Myers claims that Walmart violated the ADA and PHRA when it failed to provide a reasonable accommodation for his disability and terminated him because of his disability. To establish a prima facie case of discrimination, a plaintiff must show: (1) he is disabled; (2) he is otherwise qualified to perform the essential functions of the job, with or without reasonable accommodations by the employer; and (3) he has suffered an otherwise adverse employment decision as a result of discrimination. Gaul v. Lucent Techs., Inc., 134 F.3d 576, 580 (3d Cir. 1998) (stating prima facie case under ADA); Taylor v. Phoenixville Sch. Dist., 184 F.3d 296, 306 (3d Cir. 1999) (explaining that an “analysis of an ADA claim applies equally to a PHRA claim”). “[F]or purposes of pleading sufficiency, a complaint need not establish a prima facie case in order to survive a motion to dismiss.” Connelly v. Lane Const. Corp., 809 F.3d 780, 788 (3d Cir. 2016). “The complaint need only allege enough facts to ‘raise a reasonable expectation that discovery will reveal evidence of [each] necessary element.'” Martinez v.

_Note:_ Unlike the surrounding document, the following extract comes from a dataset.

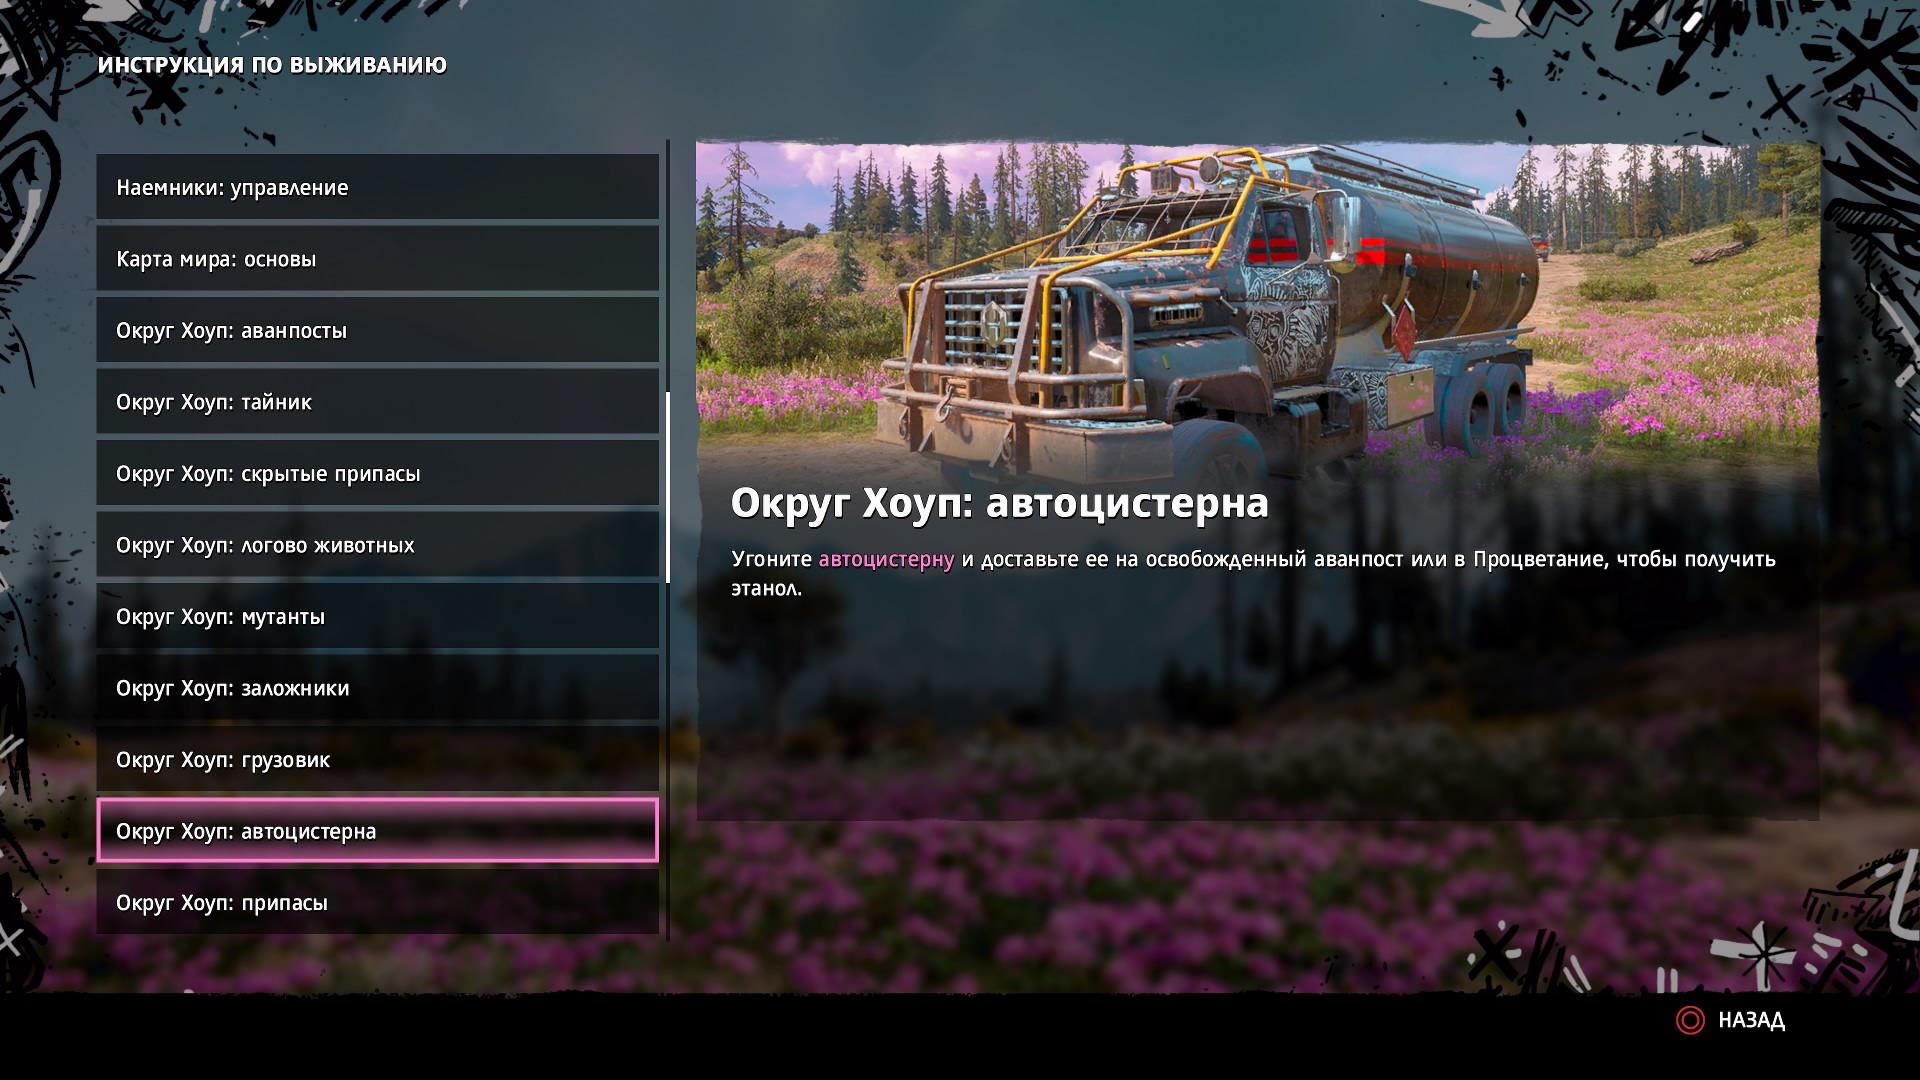 Коды на давн. Far Cry 5 грузовик. Этанол в фар край Нью давн. Автоцистерны в фар край. Far Cry New Dawn транспорт грузовик с каркасом.

UPMC Susquehanna, 986 F.3d 261, 266 (3d Cir. 2021) (quoting Fowler v. UPMC Shadyside, 578 F.3d 203, 213 (3d Cir. 2009)).
Myers has alleged sufficient facts for his discrimination claims to be deemed meritorious. Myers alleges that he has autism that interferes with major life functions and qualifies as a disability. He also alleges that he was qualified to perform the essential functions of the job with a reasonable accommodation-either the assistance of another individual during his shifts as a cart pusher or transfer to a position other than cart pusher. Furthermore, Myers alleges that Walmart refused to provide any reasonable accommodation, continued to force him to work alone as a cart pusher, and then terminated him due to his disability when he became frustrated and suffered another outburst caused by his autism. Because Myers has sufficiently alleged his disability claims, and Walmart has never moved to dismiss them under Rule 12(b)(6), Myers claims are meritorious. Therefore, the sixth factor weighs against dismissal.
B. Balancing the Poulis Factors
“[T]here is no ‘magic formula' or ‘mechanical calculation' in evaluating a Rule 41(b) motion to dismiss . . . .” Hildebrand, 923 F.3d at 137. “None of the Poulis factors is alone dispositive, and . . . not all of the factors need to be satisfied to justify dismissal of a complaint for lack of prosecution.” Id. at 132.
Here, four out of the six factors warrant dismissal. It is evident from balancing the Poulis factors that dismissal is appropriate in this case, even though Myers's claims may have merit and there is no evidence that Myers acted with willfulness or bad faith. Due to Myers' disappearance, discovery cannot move forward, and the case has reached an impasse. Because Myers has not communicated with Plaintiff's counsel or the Court, the only effective sanction is dismissal. Therefore, I will grant Walmart's motion to dismiss Myers' Complaint with prejudice for failure to prosecute pursuant to Federal Rule of Civil Procedure 41(b).